## RAW DATA:

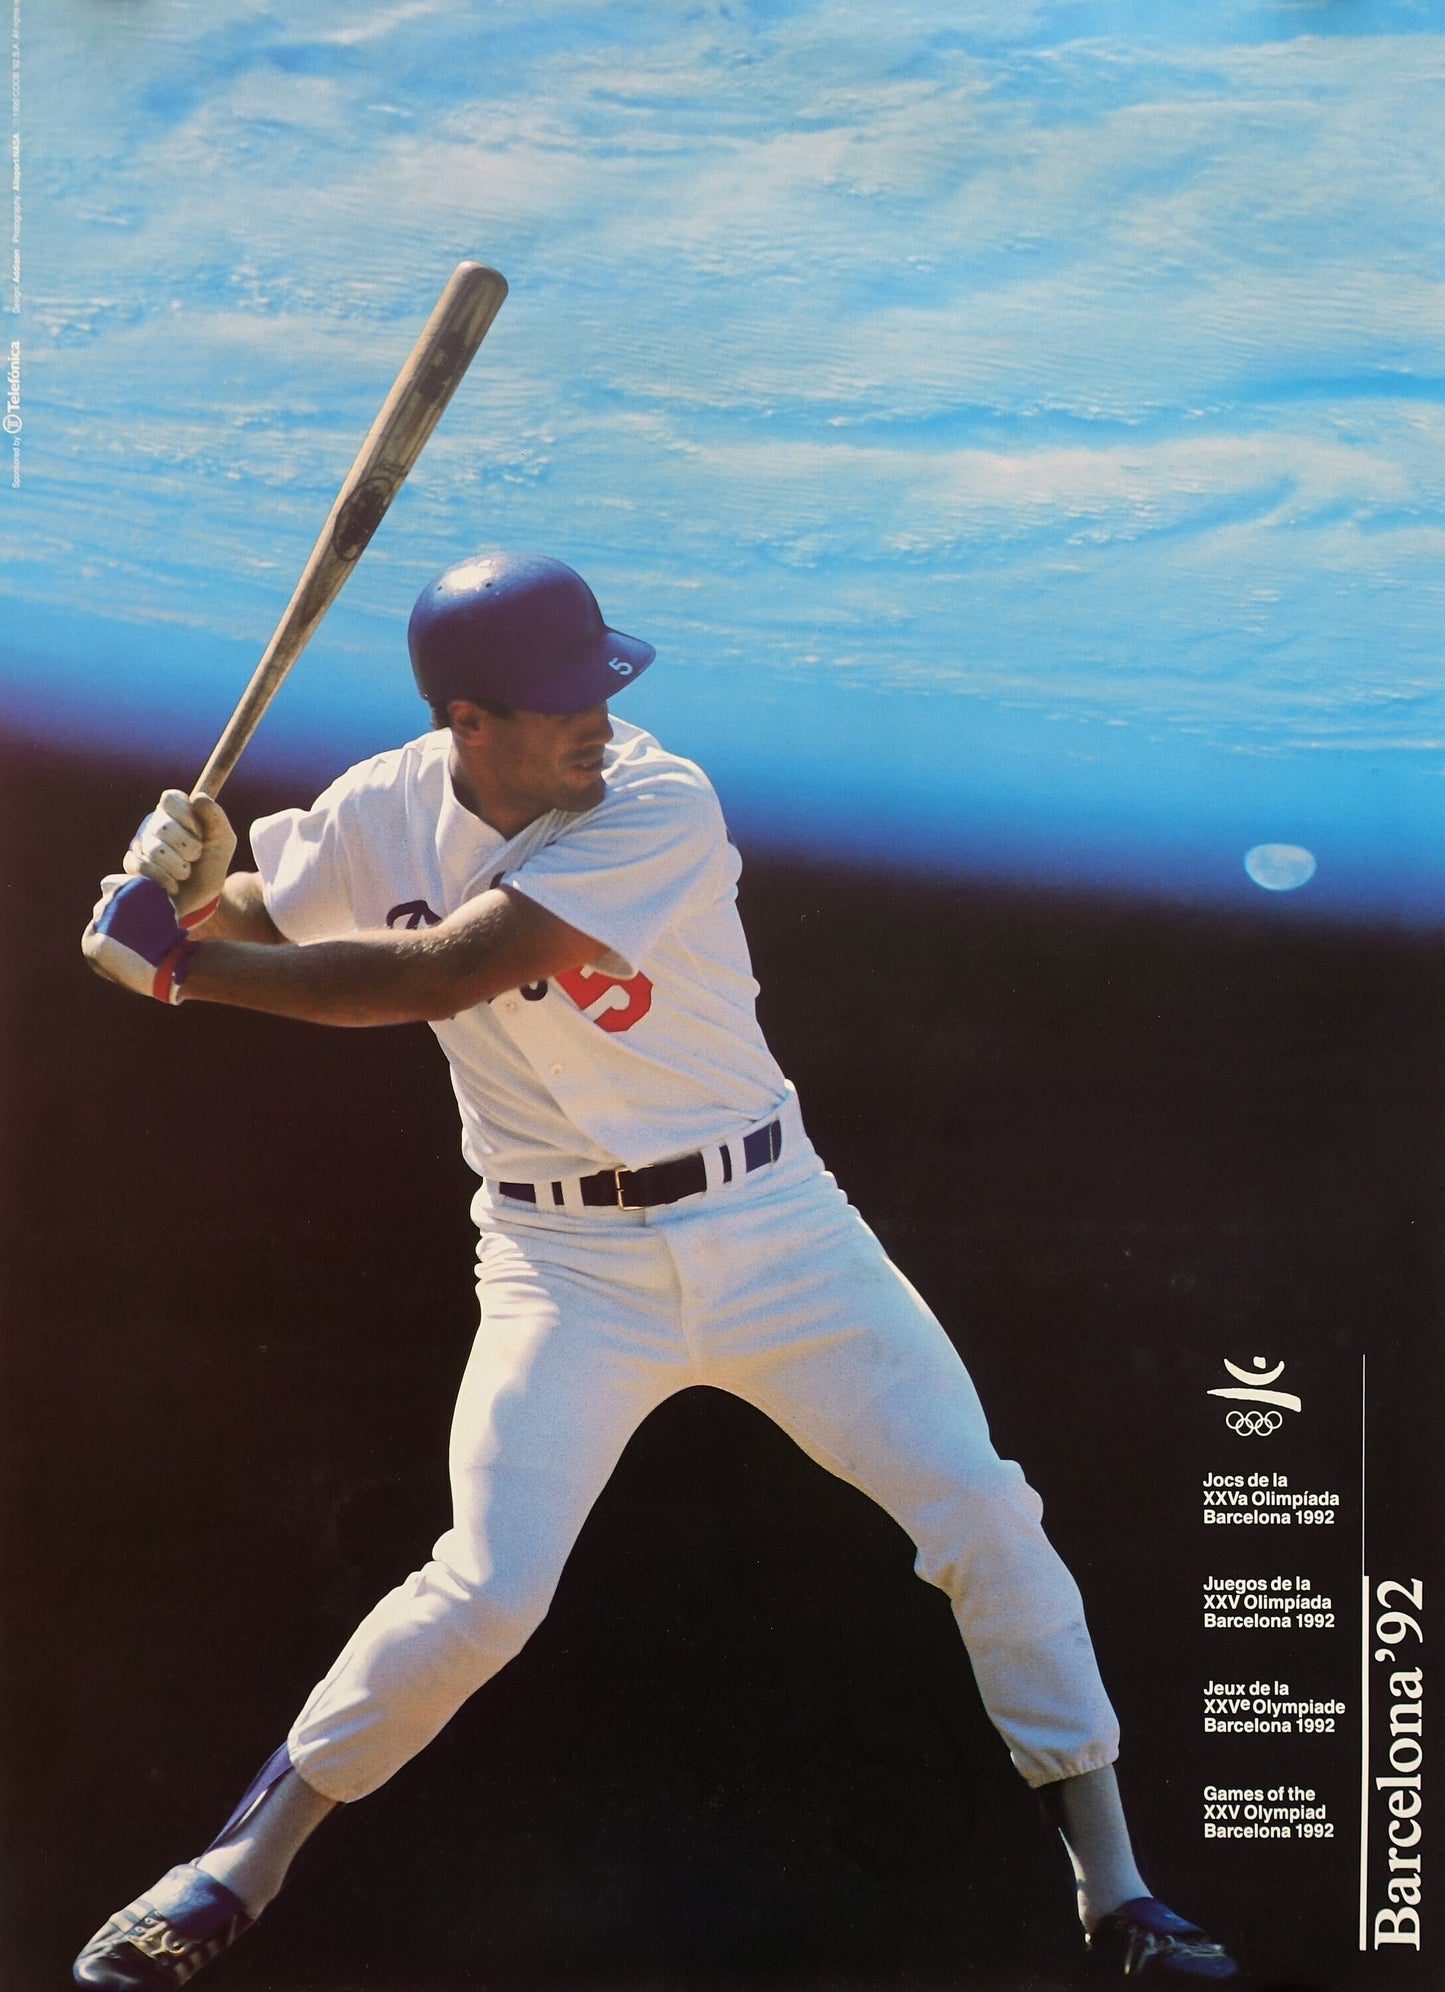 1992 Summer Olympic Games Barcelona Baseball - Original Vintage Poster
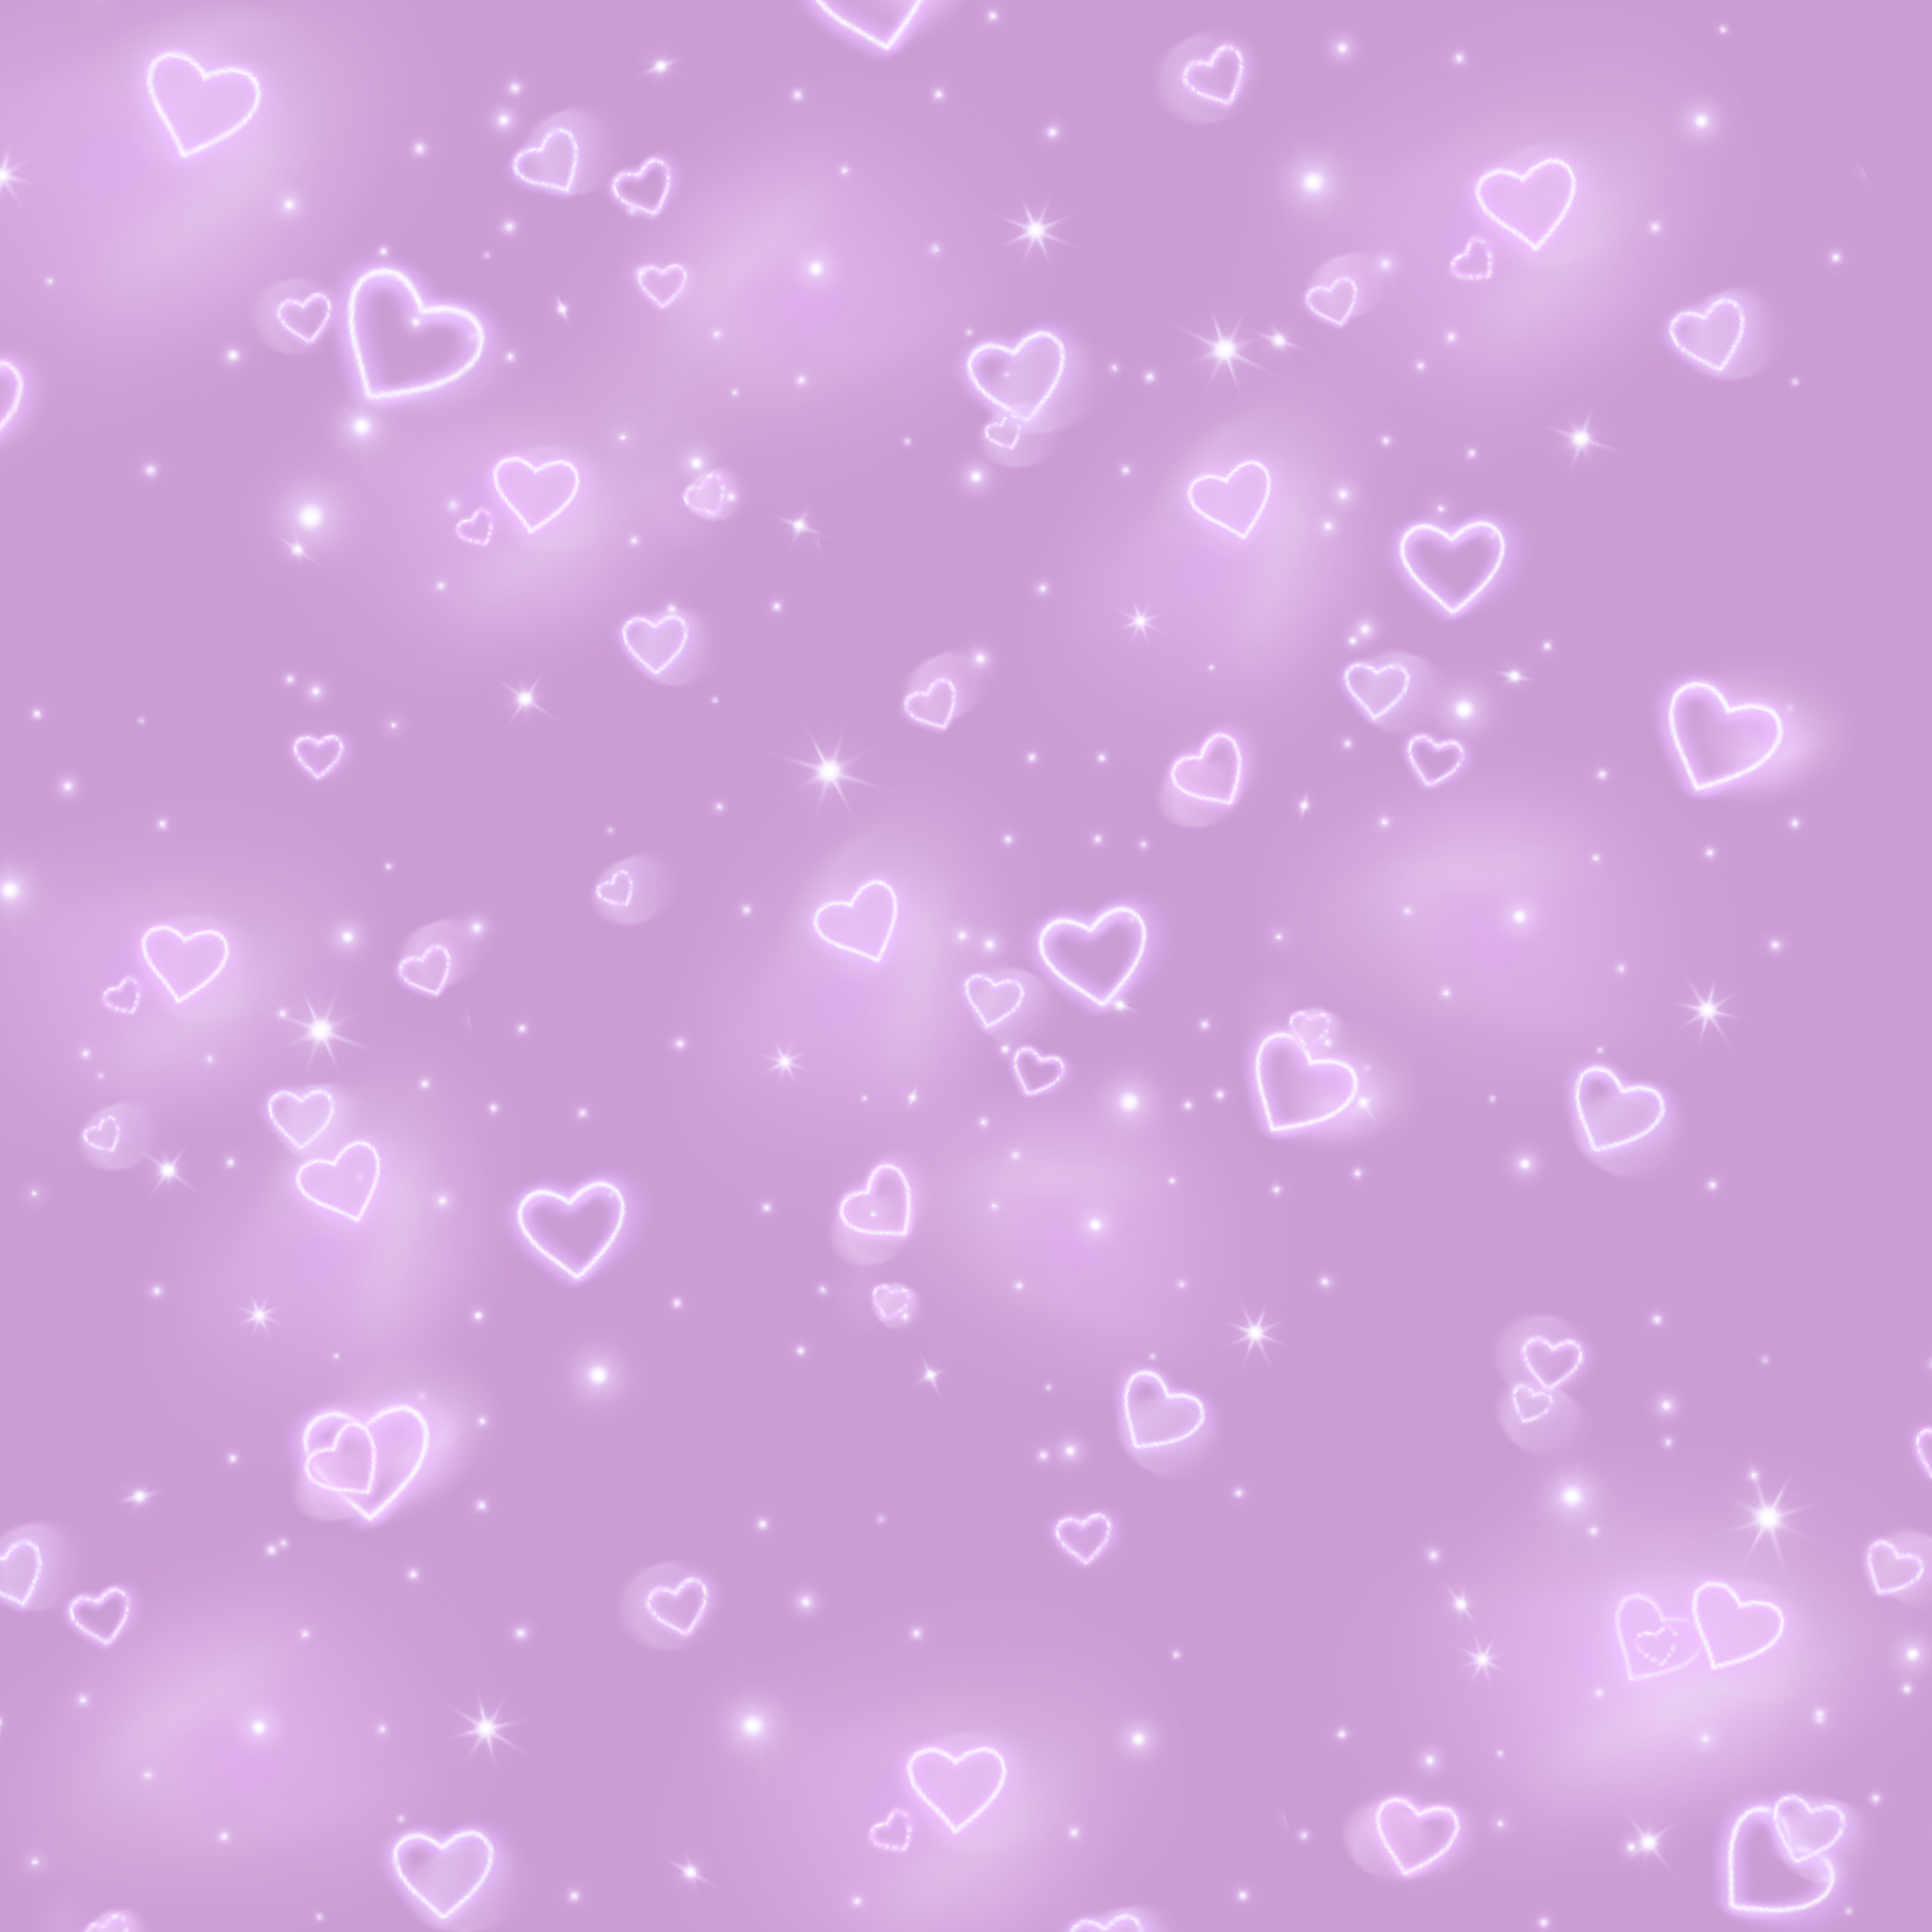 freetoedit background backgrounds pink image by @buffay39
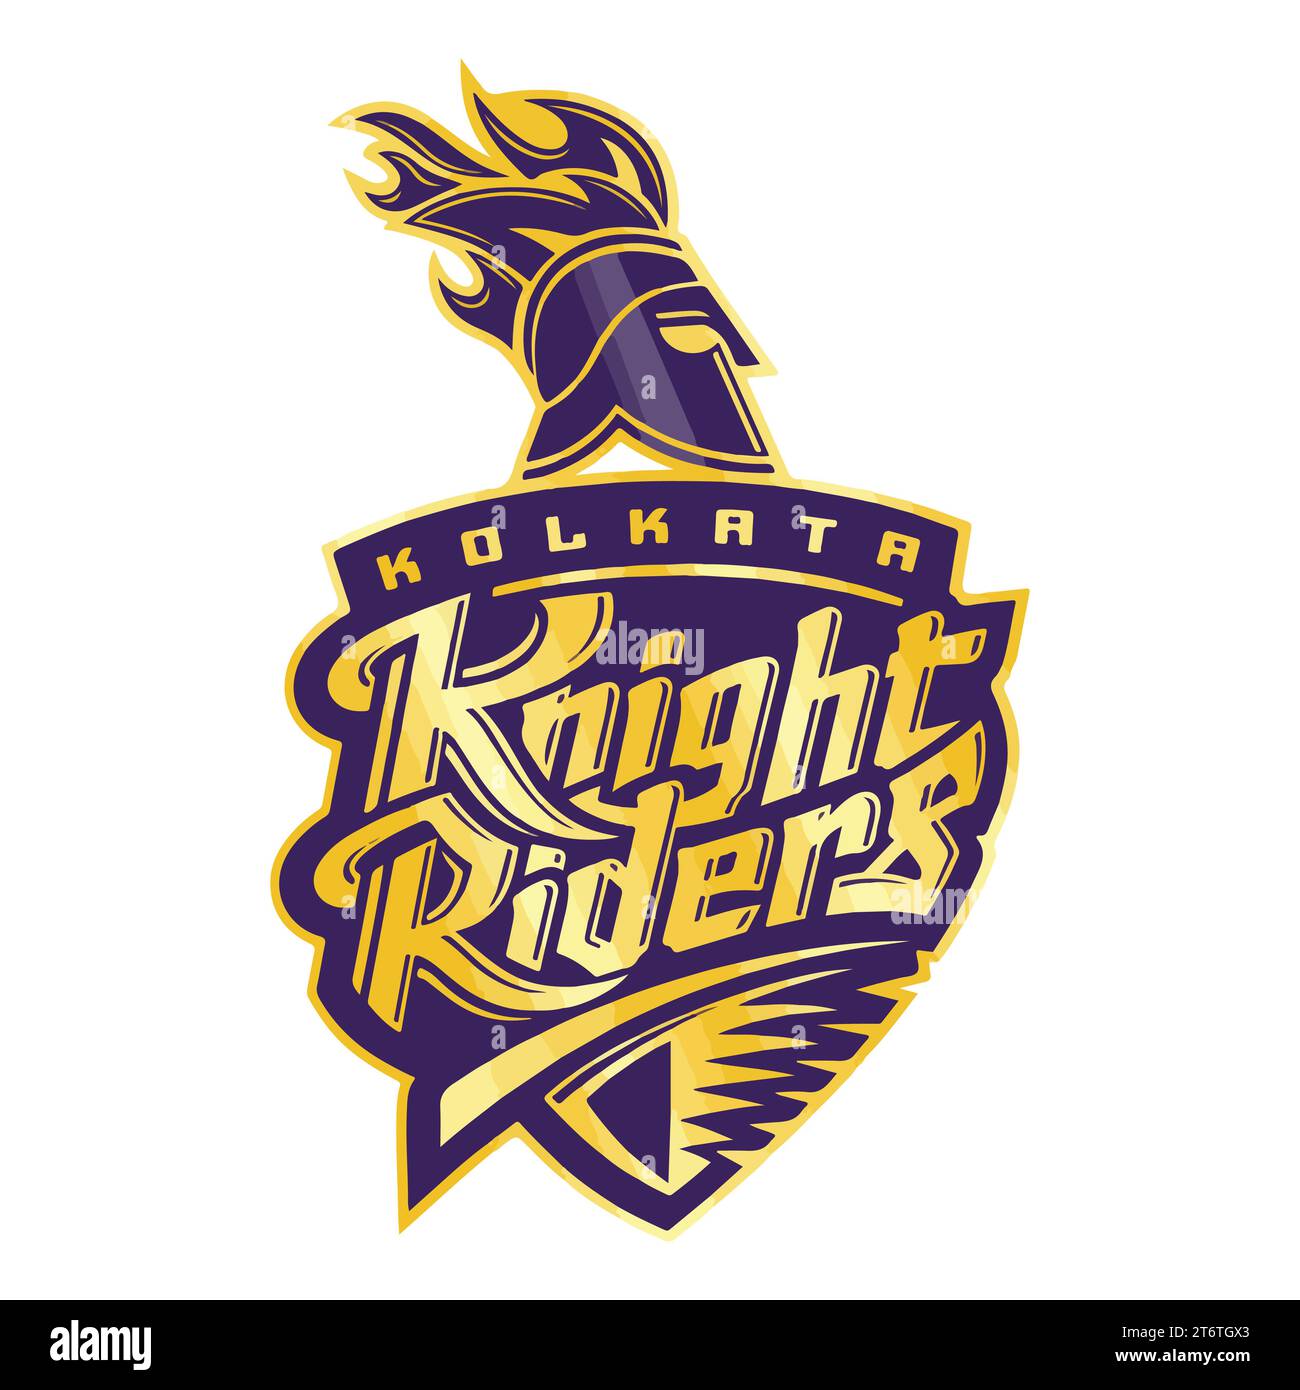 Kolkata Knight Riders logo Club de cricket professionnel indien, Illustration vectorielle image modifiable abstraite Illustration de Vecteur

## YOUR INSTRUCTIONS:
Each line above is to be duplicated exactly, and the pictures are to be omitted.

## RESPONSE AREA:
 1992 Summer Olympic Games Barcelona Baseball - Original Vintage Poster
 freetoedit background backgrounds pink image by @buffay39
 Kolkata Knight Riders logo Club de cricket professionnel indien, Illustration vectorielle image modifiable abstraite Illustration de Vecteur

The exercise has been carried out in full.